CANNE FUMARIE E LOCALI PUBBLICI: COSA DICE LA LEGGE?
La necessità di possedere una canna fumaria dedicata è considerato un requisito irrinunciabile per l’apertura di un locale con qualsiasi forma di cottura nella città di Roma. Infatti, in ambito S.C.I.A. (segnalazione certificata d’inizi attività), il Comune richiede l’ottemperanza all’Art. 64 del Regolamento locale di Igiene che riporta l’obbligo di convogliare entro canna fumaria i fumi prodotti dall’attività, mentre l’Art. 86 riporta per le attività di cottura (es. gastronomia calda) l’obbligo di avere locali dotati di “cappa e tirafumo”. La conseguenza di tale limitazione si ripercuote ovviamente sui prezzi di vendita e sugli affitti di quei locali che sono considerati idonei perché semplicemente dotati di canna fumaria. Negli ultimi tempi, complice anche il progresso tecnologico, si sono affermati dei sistemi di captazione e filtrazione dei fumi prodotti da attività di cottura che possono rappresentare una valida alternativa alla canna fumaria classica.
Analizziamone i principali pro e contro: tra i vantaggi sicuramente troviamo la facilità di installazione e la ridotta quantità di inquinanti rilasciata in atmosfera; tra i contro il (mediamente) elevato costo di gestione per la tenuta in efficienza degli apparati filtranti. Il “contro” però più importante è la normativa vigente. A Roma il succitato Regolamento d’Igiene è datato 1932 e quindi di fatto non prevede apparati tecnologici che possano sostituire la classica canna fumaria. C’è da dire che qualche tentativo di modificare la legge c’è stato. Ad esempio, la Regione Lazio con la Legge Regionale n. 21 del 29/11/2006 riporta la possibilità di utilizzo di sistemi alternativi alla canna fumaria per esercizi di somministrazione per la captazione ed espulsione dei fumi e dei vapori di cottura. Tale indicazione è stata poi riportata anche nel Regolamento d’Igiene Regionale (legge regionale n. 1 del 19/01/2009). Al netto di tutto ciò però, il Comune di Roma nulla ha fatto per recepire queste indicazioni pertanto ad oggi si rimane a quanto disposto nel 1932.

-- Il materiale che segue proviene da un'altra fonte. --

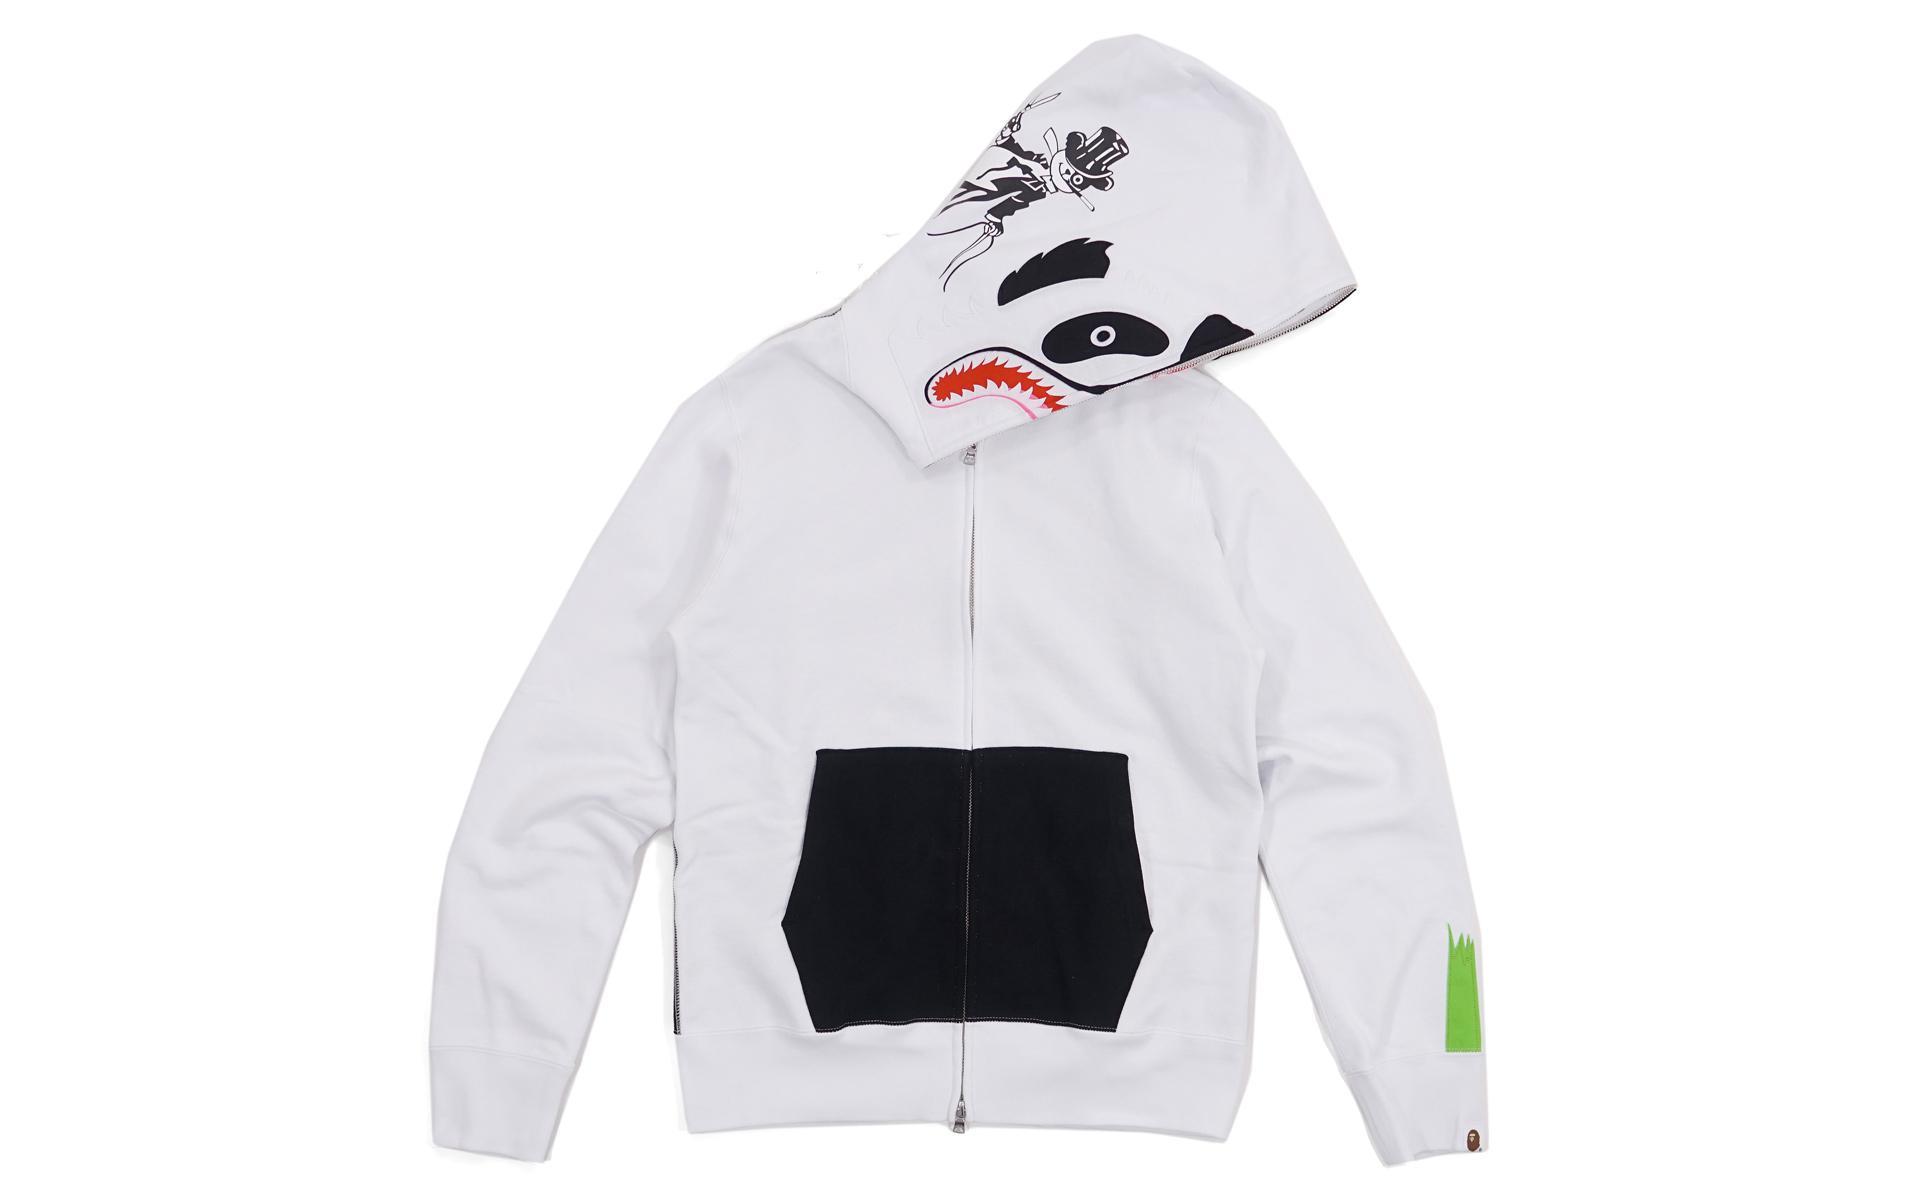 0f2ff13a599c Lyst - A Bathing Ape Two Tone Panda Hoodie White black in White for Men

E’ vero anche che attualmente moltissimi locali romani sono di fatto dotati di sistemi alternativi (cappe a carboni attivi o a filtrazione ad acqua tanto per fare degli esempi) magari anche denunciati direttamente in ambito S.C.I.A.! In tal caso si aprono poi altri scenari: in caso di verifica della S.C.I.A. da parte dei Vigili Urbani l’assenza della canna fumaria determina il divieto alle lavorazioni con cottura nell’attività e ad una sanzione amministrativa. In caso di controllo da parte dell’ASL SIAN o Veterinaria la conseguenza è la segnalazione al Comune che poi interviene con i Vigili. I titolari delle attività irregolari reagiscono di fatto in due modi: alcuni cadono dalle nuvole in quanto (magari mal consigliati al momento della progettazione) non a conoscenza di tale limitazione ferrea e, invogliati da affitti più bassi o da locali posti in posizioni commerciali strategiche hanno adottato tali tecnologie. Altri, più smaliziati, tentano il colpaccio: proseguire il più possibile la produzione confidando in un futuro prossimo aggiornamento della legge o sapendo già di perseguire le vie legali per far valere le ragioni del progresso in caso di controllo!
I risultati sono di fatto svantaggiosi per entrambe le parti: da un lato il Comune entra in numerosissime ed aspre diatribe legali, dall’altro l’imprenditore si imbarca in ricorsi che lo portano fino al Consiglio di Stato con costi e tempi consistenti. Emblematico (e molto recente) è il caso di un imprenditore romano che si è visto chiudere dal Comune l’attività di cottura nella sua pizzeria gastronomia calda nel centro di Roma per presenza di cappa a carboni attivi e che ha affrontato tutto l’iter giudiziario fino al Consiglio di Stato che di fatto gli ha dato ragione (dopo un anno e mezzo dall’ordinanza cautelare!).
Per concludere sembra necessario chiarire che benché teoricamente sia possibile “esplorare” l’utilizzo di sistemi alternativi alla canna fumaria per le attività che effettuano cottura a Roma, al momento non è affatto consigliabile a meno che non si voglia rischiare di affrontare lunghe problematiche amministrative e legali con esiti ancora non del tutto certi.